An exact copy of all the data is needed, with every picture left out.

**Data below**
--- START ---
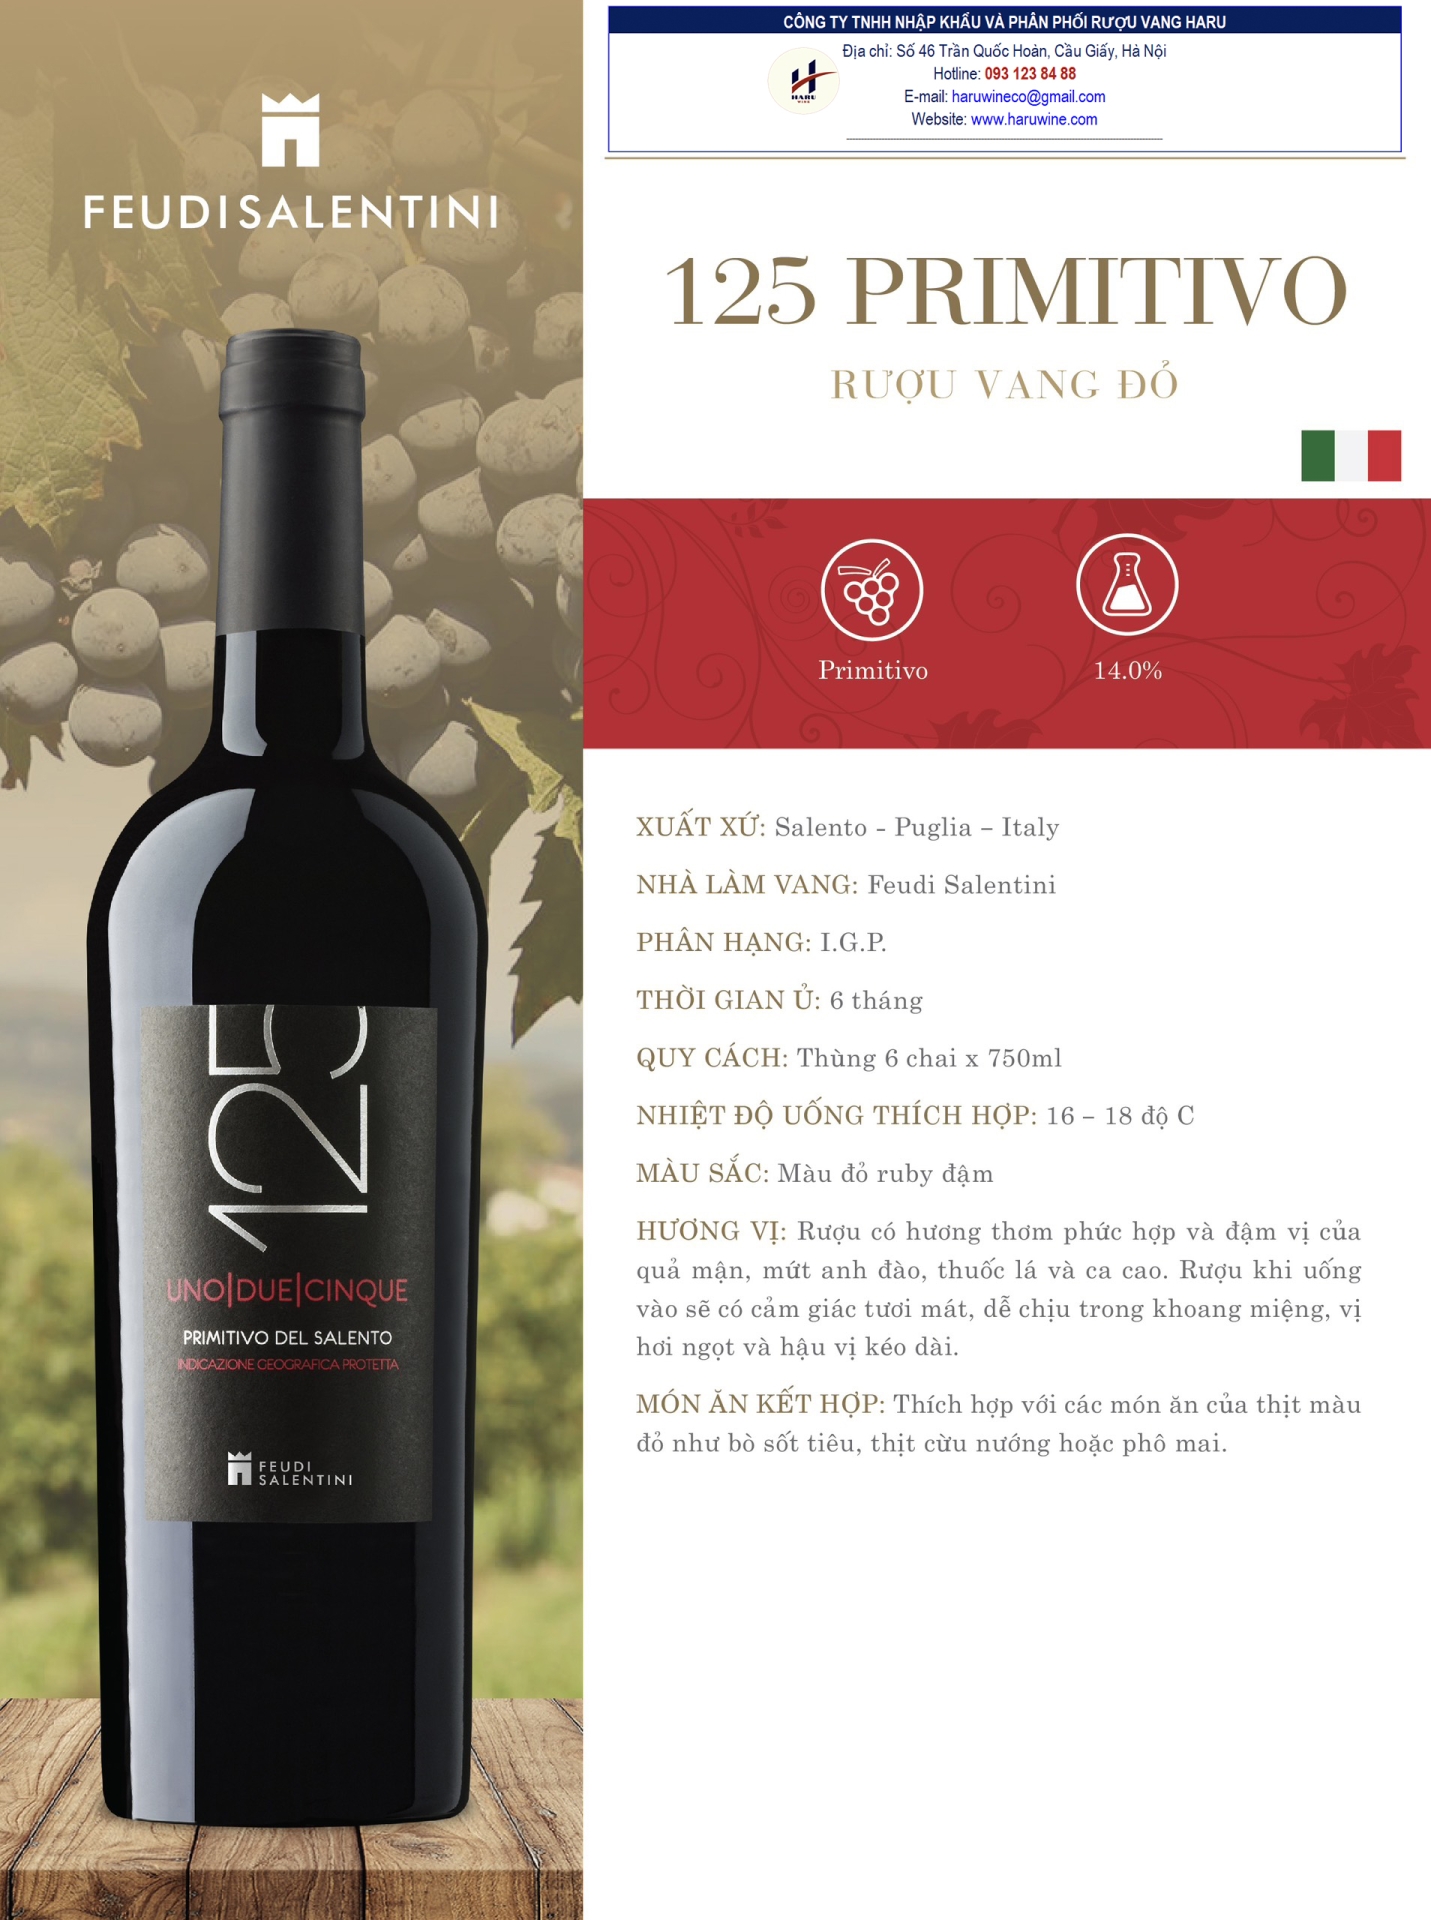 Rượu vang đỏ 125 Primitivo
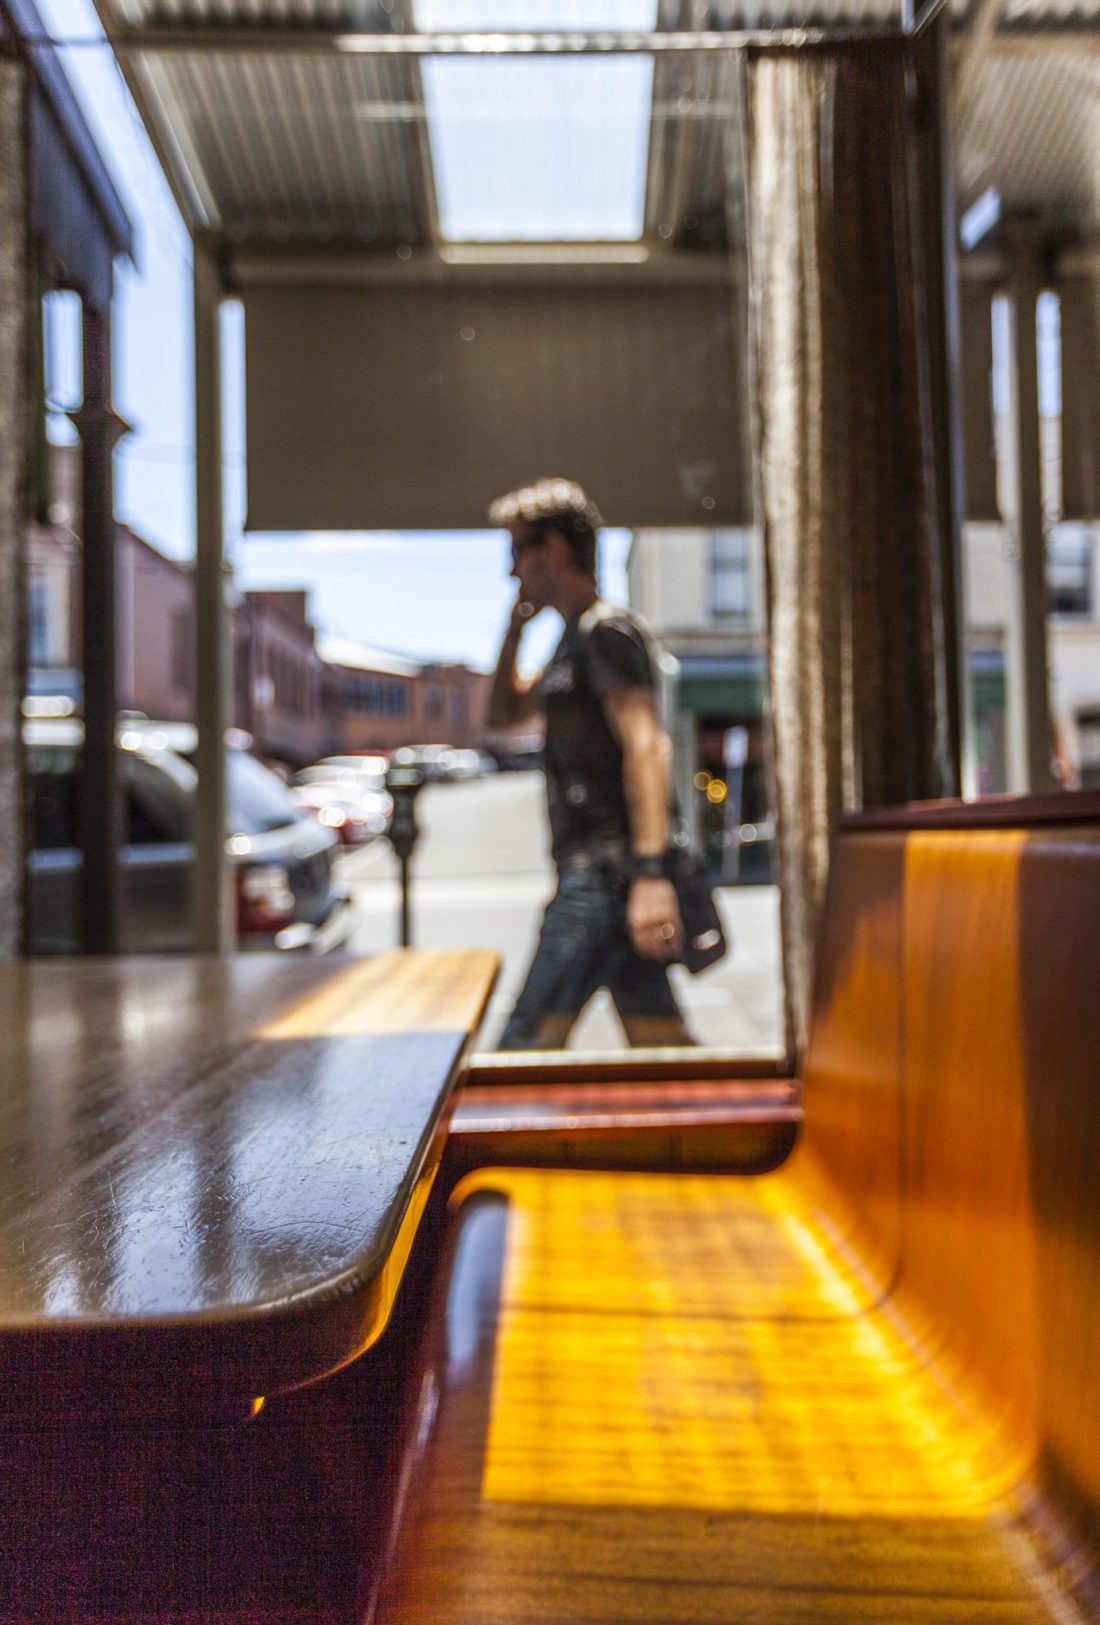 Main Bar Ballarat interior street view_Aldona Kmiec Editorial Photography
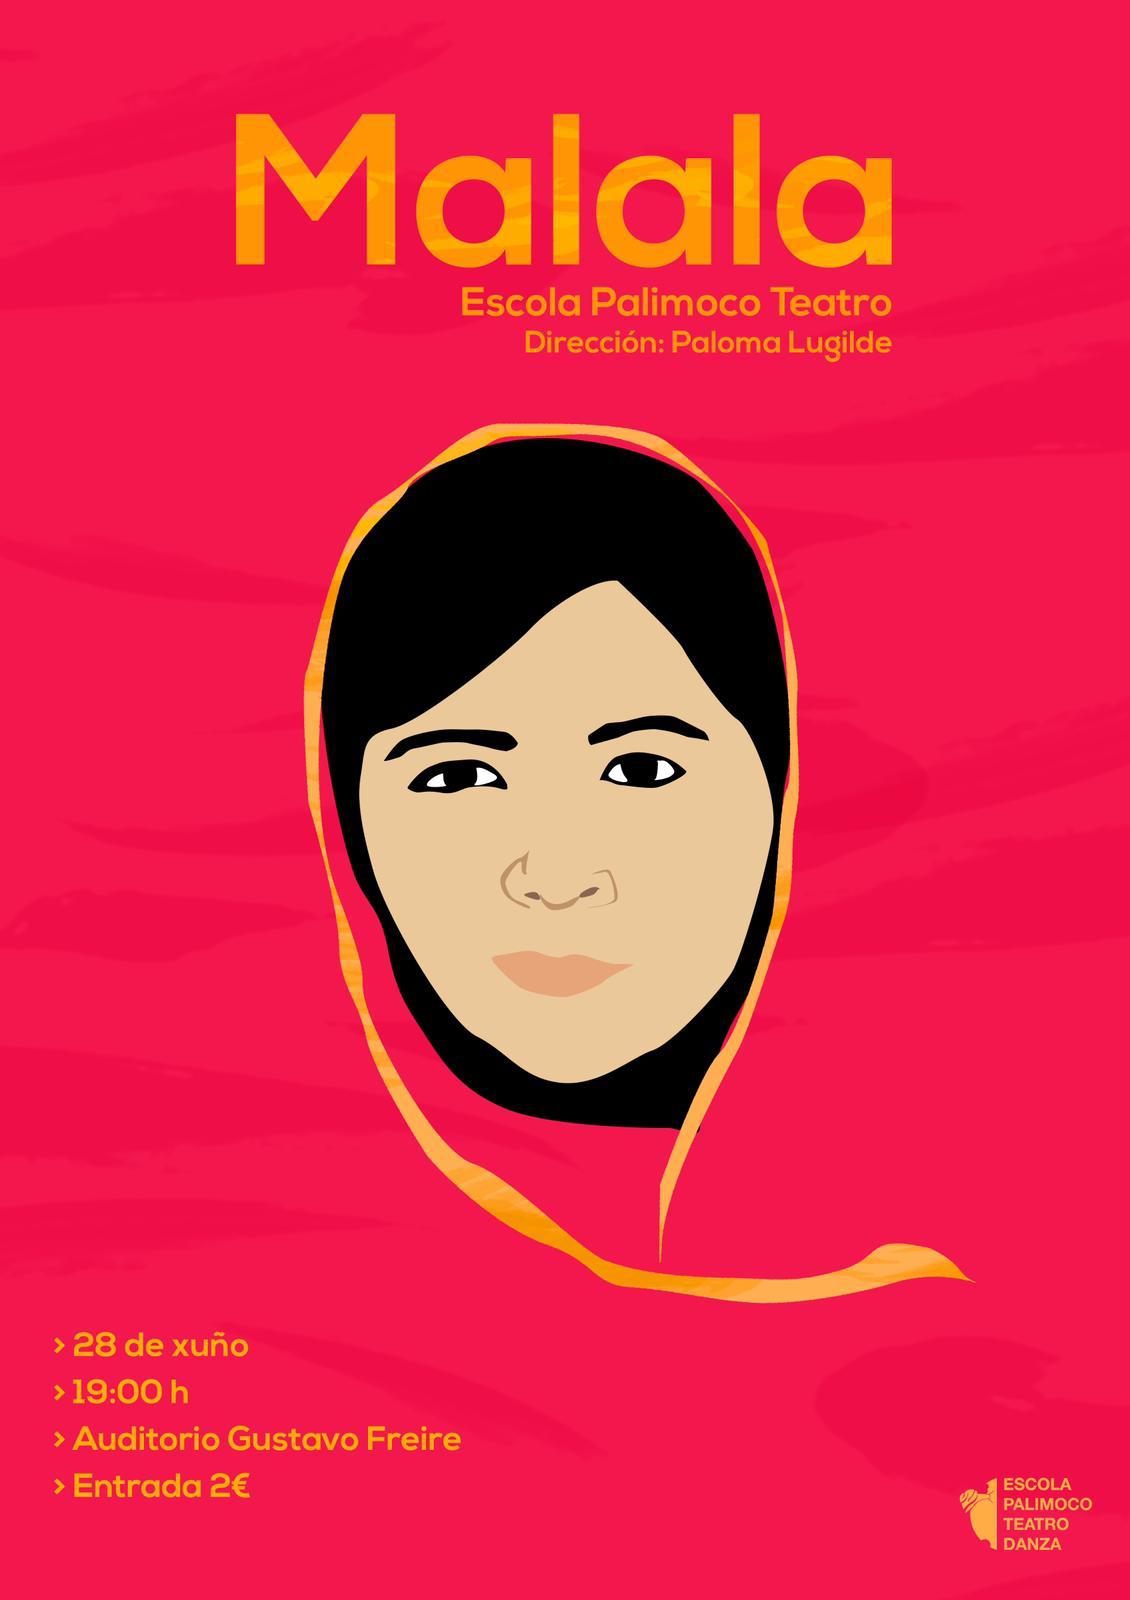 Teatro, doble función: "Malala" e "Os Miserables"
--- END ---
**Worked solution**
 Rượu vang đỏ 125 Primitivo
 Main Bar Ballarat interior street view_Aldona Kmiec Editorial Photography
 Teatro, doble función: "Malala" e "Os Miserables"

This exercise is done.